Vertragsbedingungen für Mietverträge mit SELFSTORAGE Klagenfurt:
1. Allgemeine Rechte des Mieters
Die Box darf ab Mietbeginn bis Beendigung ausschließlich für Lagerzwecke in Übereinstimmung nachstehender Bedingungen des Vermieters genutzt werden.
2. Übernahme der Lagerbox
a, Der Mieter hat die Lagerbox bei Übernahme zu kontrollieren; Schäden oder Verunreinigungen sind sofort zu melden. Erfolgt so eine Meldung nicht, gilt die Box als gereinigt und unbeschädigt übernommen.
b, Nach Beendigung des Mietverhältnisses hat der Mieter die Box besenrein und im selben Zustand wie bei Vertragsbeginn zu übergeben. Die Verwendung von speziellen Reinigungsmitteln muss vorab mit dem Vermieter abgesprochen werden. Etwaige durch die Reinigung entstandene Schäden werden dem Mieter angelastet.
3. Nutzung der Lagerbox
a, Über die in der Box gelagerten Güter ist der Mieter Eigentümer bzw. wurde ihm von der Person, deren Eigentum sie sind, die Verfügungsgewalt erteilt, welche es ihm erlaubt, diese zu lagern.
b, Nicht gelagert werden dürfen:
- Nahrungsmittel oder verderbliche Waren
- unverpackte und gegen Befall von Motten oder sonstigen Schädlingen ungeschützte Textilien (im Speziellen Bekleidung, Pelzmäntel, Wolldecken, Teppiche usw.)
- Lebewesen jeder Art
- brennbare und/oder entzündliche Stoffe/Flüssigkeiten wie z.B. Benzin, Öl, Lithium-Batterien, Gas usw.

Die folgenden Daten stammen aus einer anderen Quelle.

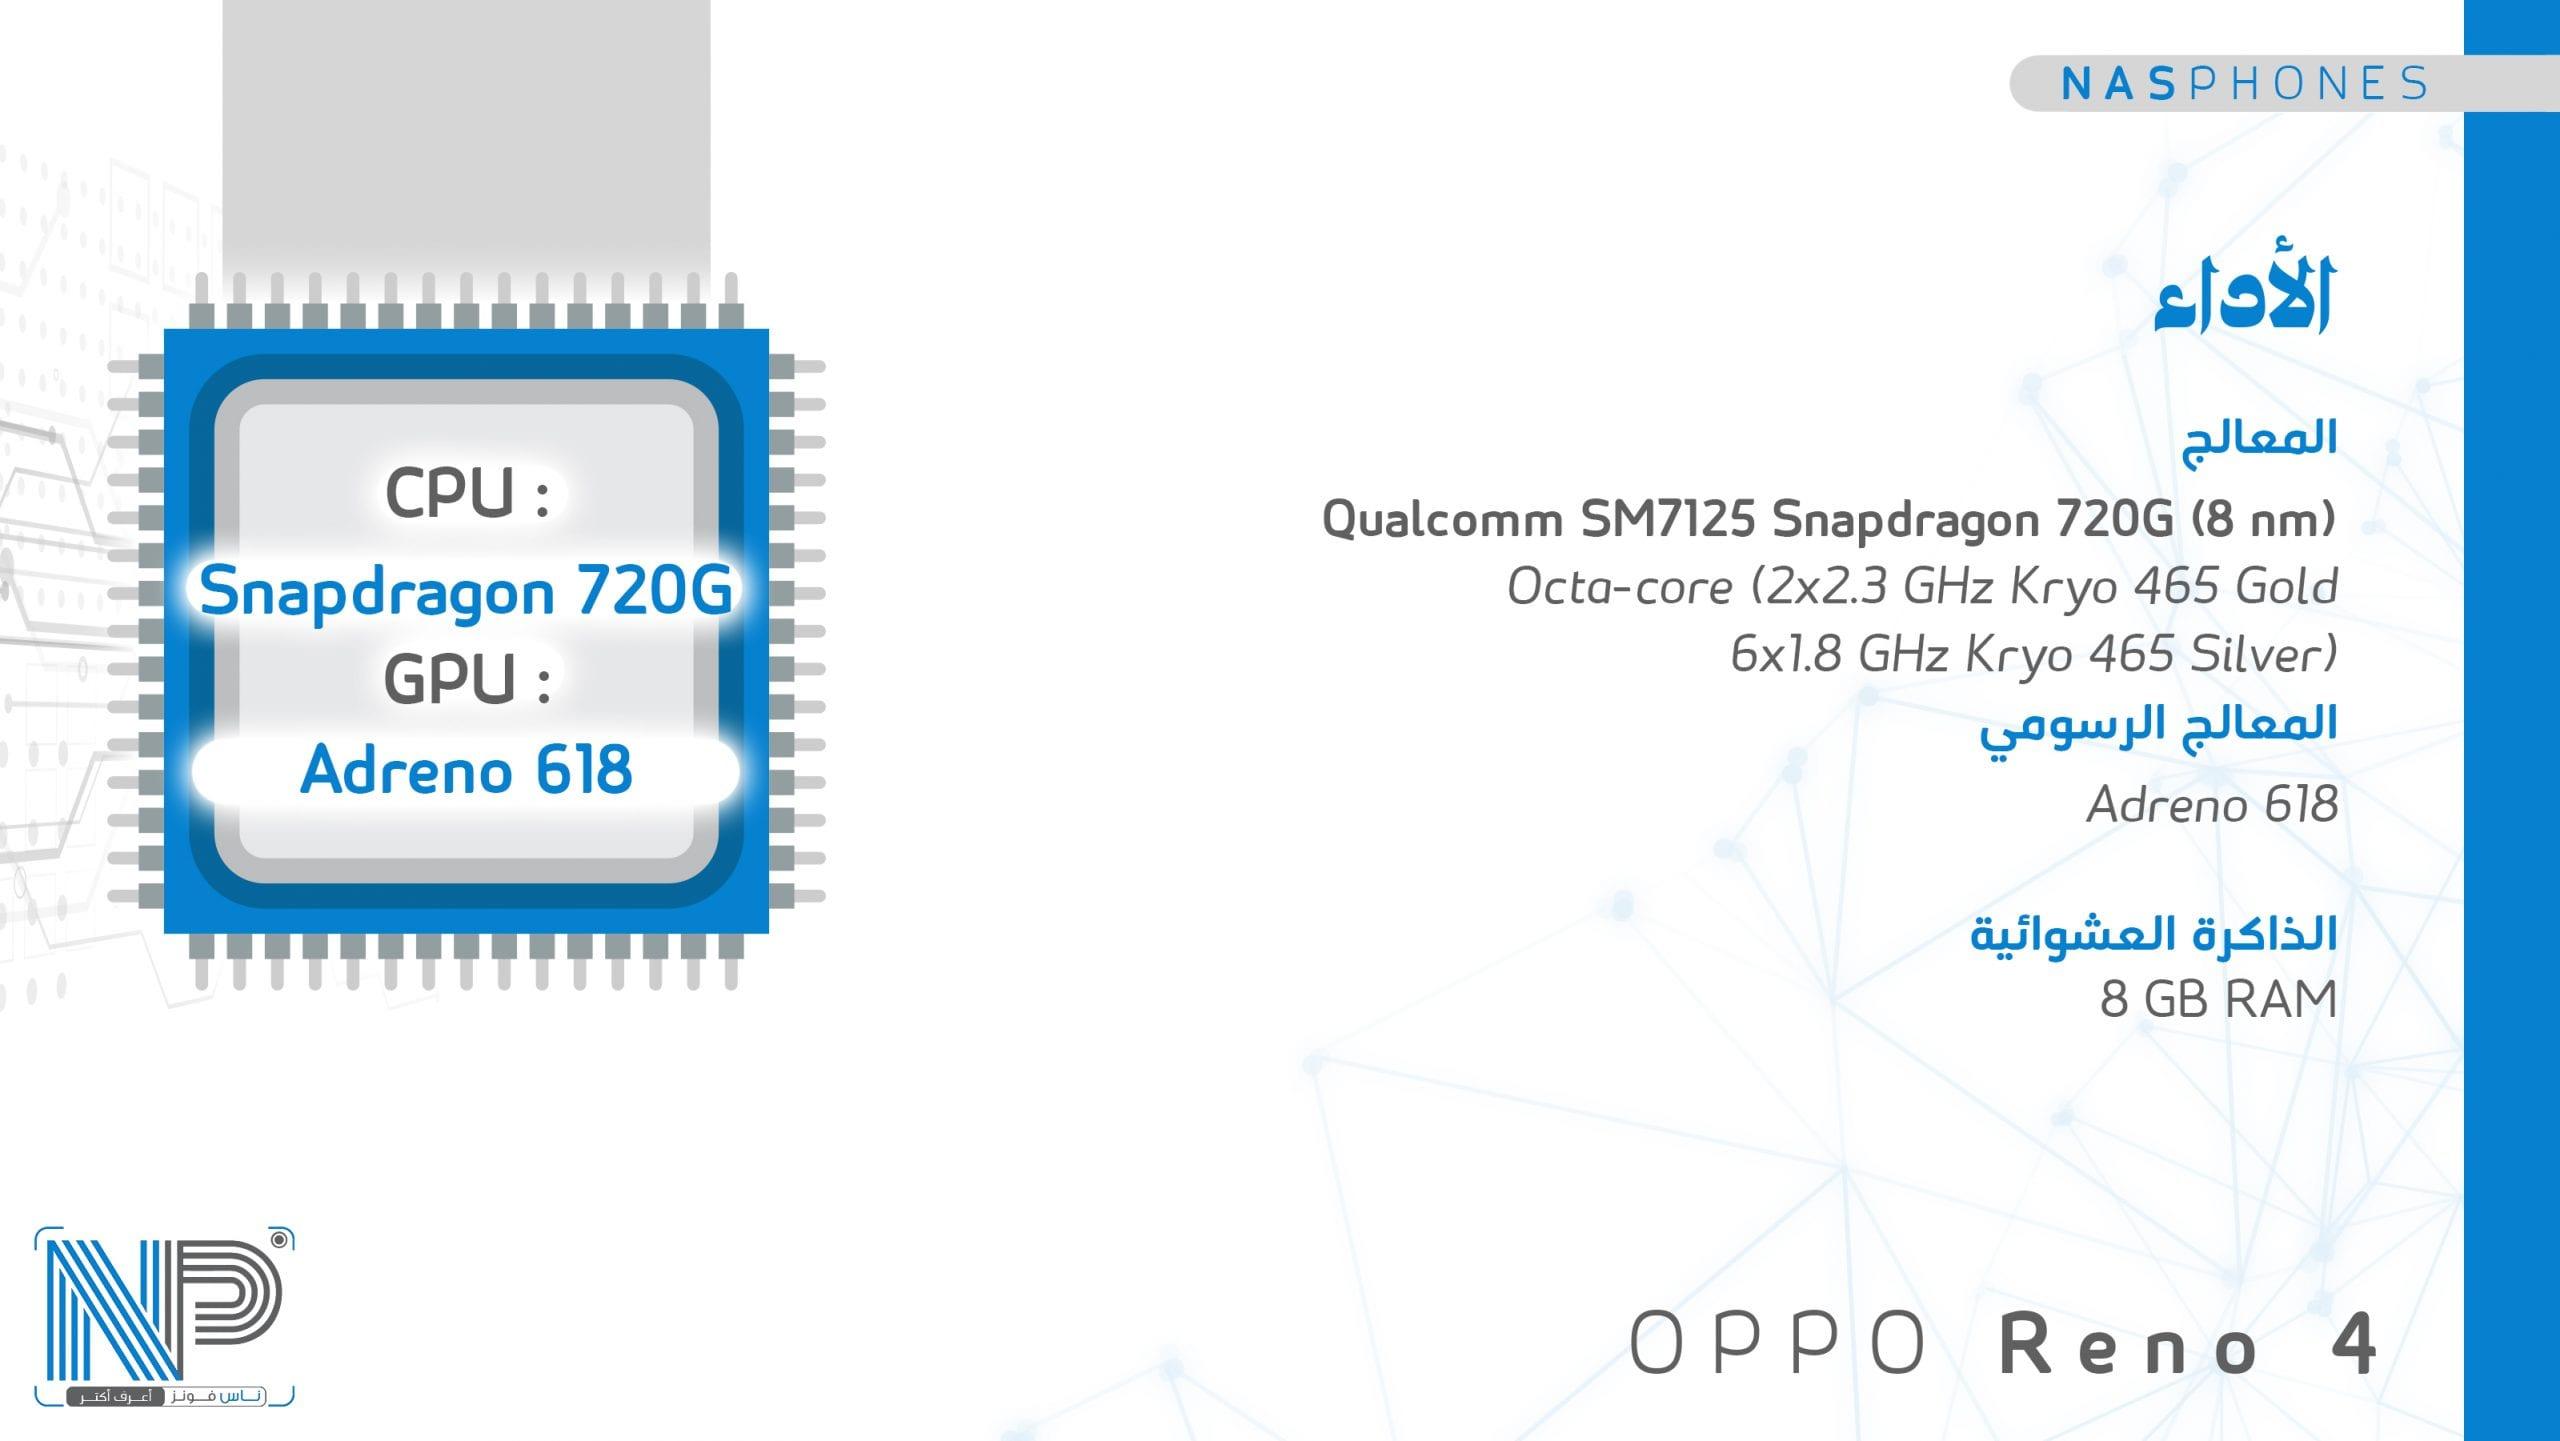 أداء موبايل Oppo reno 4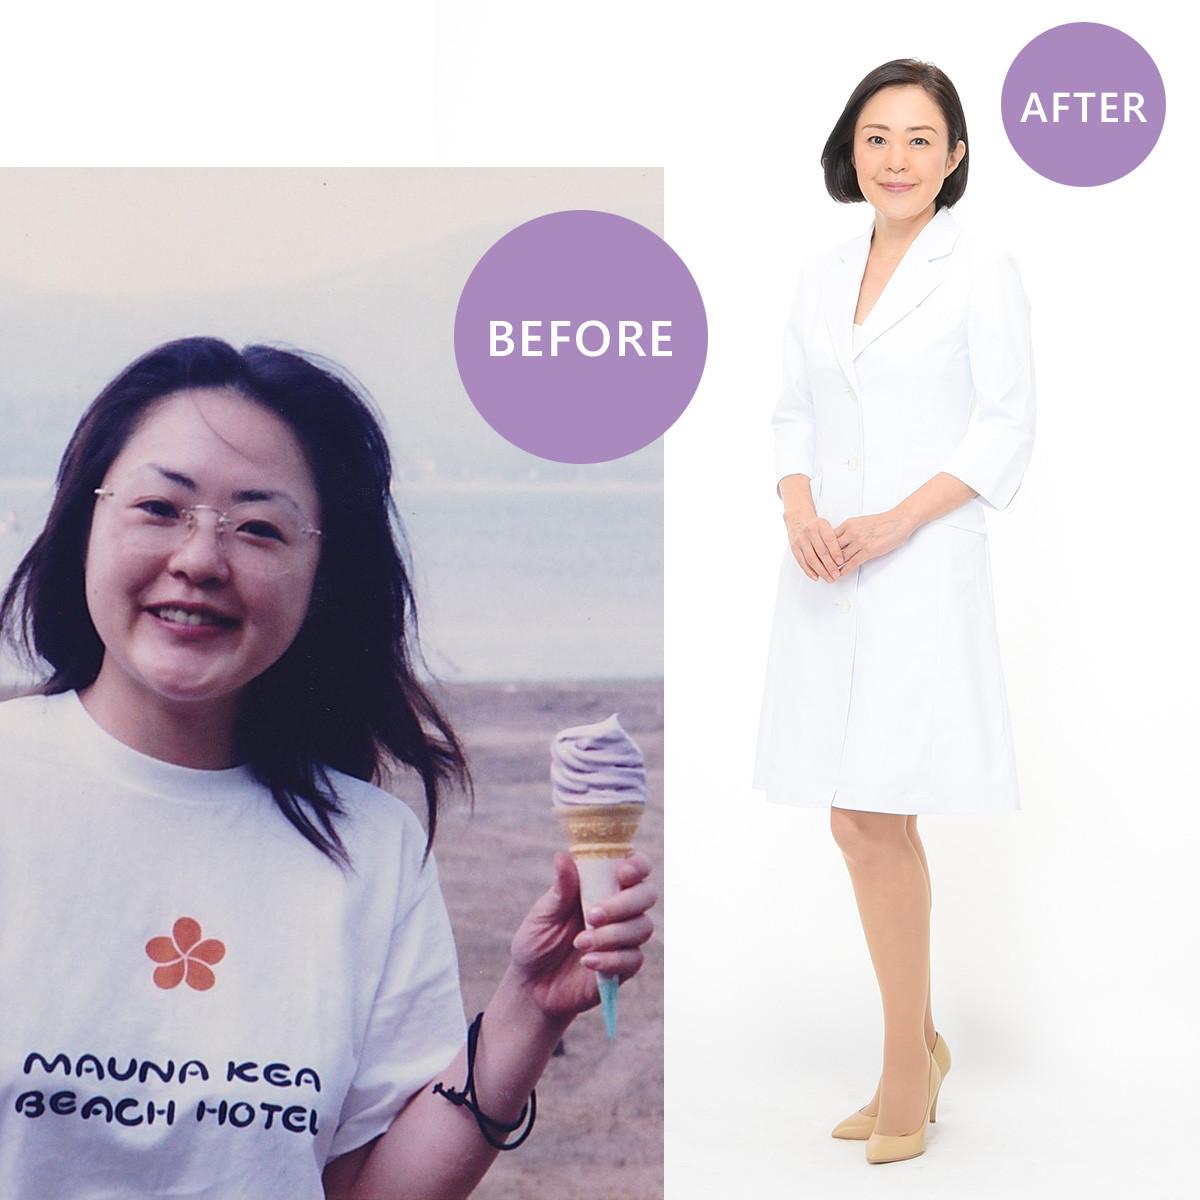 【おすすめは肉野菜炒めダイエット! 1ヶ月で20kg痩せた管理栄養士・麻生れいみさん】Before/after

- Waffen, Sprengstoffe. Munition
- Chemikalien, radioaktive Stoffe, biologische Stoffe, toxische Abfallstoffe, Asbest oder sonstige gesundheitsgefährdende Materialien
- Sondermüll oder andere gefährliche Materialien
- alles, was Rauch, üblen Geruch oder sonstige Emissionen absondern kann
- jegliche verbotenen Substanzen und Waren wie z.B. Suchtmittel und Drogen,
c, Dem Mieter oder jeder mit ihm oder durch ihn auf das Gelände gelangende Personen ist es untersagt:
- die Lagerbox für andere Zwecke als die in den Bestimmungen dieser Vertragsbedingungen geregelten Lagerzwecke zu benutzen, wobei die Nutzung der Lagerbox so zu erfolgen hat, dass andere Mieter in ihren Bestandrechten weder gestört noch beeinträchtigt werden.
- Gegenstände jeglicher Art außerhalb der Box abzustellen. Für Lagergut, welches sich außerhalb der Lagerbox befindet, behalten wir uns das Recht vor, dieses Kostenpflichtig zu entsorgen.
- Emissionen jeglicher Art aus der Box austreten zu lassen,
- den Fahrbereich auf dem Gelände zu verstellen und damit den Zutritt anderer Mieter zu beeinträchtigen,
- Dritte durch ihr Handeln in irgendeiner Art zu behindern.
d, Entstandene Schäden an bzw. in der Lagerbox sind dem Vermieter unverzüglich zu melden.
e, Die Absicht der gänzlichen oder teilweise Untervermietung der Lagerbox ist dem Vermieter vom Mieter nachweislich anzuzeigen. Die Untervermietung bedarf der Zustimmung des Vermieters, die nur dann verweigert werden darf, wenn durch die geplante Untervermietung der Lagerbox eine Beeinträchtigung wesentlicher Interessen des Vermieters, insbesondere an der Einhaltung der Bestimmungen dieser Vertragsbedingungen, zu erwarten ist. Die Zustimmung des Vermieters gilt als erteilt, wenn der Vermieter der beabsichtigten Untervermietung nicht innerhalb von 14 Tagen ab Zugang der Anzeige der geplanten Untervermietung begründet widerspricht.
f, Der Mieter erklärt sich damit einverstanden, dass der Innenbereich des SELFSTORAGE videoüberwacht wird und im Einzelfall die Aufnahmen zur Klärung von strafbaren Handlungen sowie zur Abwehr oder Durchsetzung von Schadenersatzansprüchen herangezogen werden.
4. Vertragsdauer
a, Sofern nicht im Einzelfall ausdrücklich eine Befristung des Mietverhältnisses über die Lagerbox vereinbart wurde, werden die diesen Vertragsbedingungen unterliegenden Mietverträge auf unbestimmte Zeit abgeschlossen.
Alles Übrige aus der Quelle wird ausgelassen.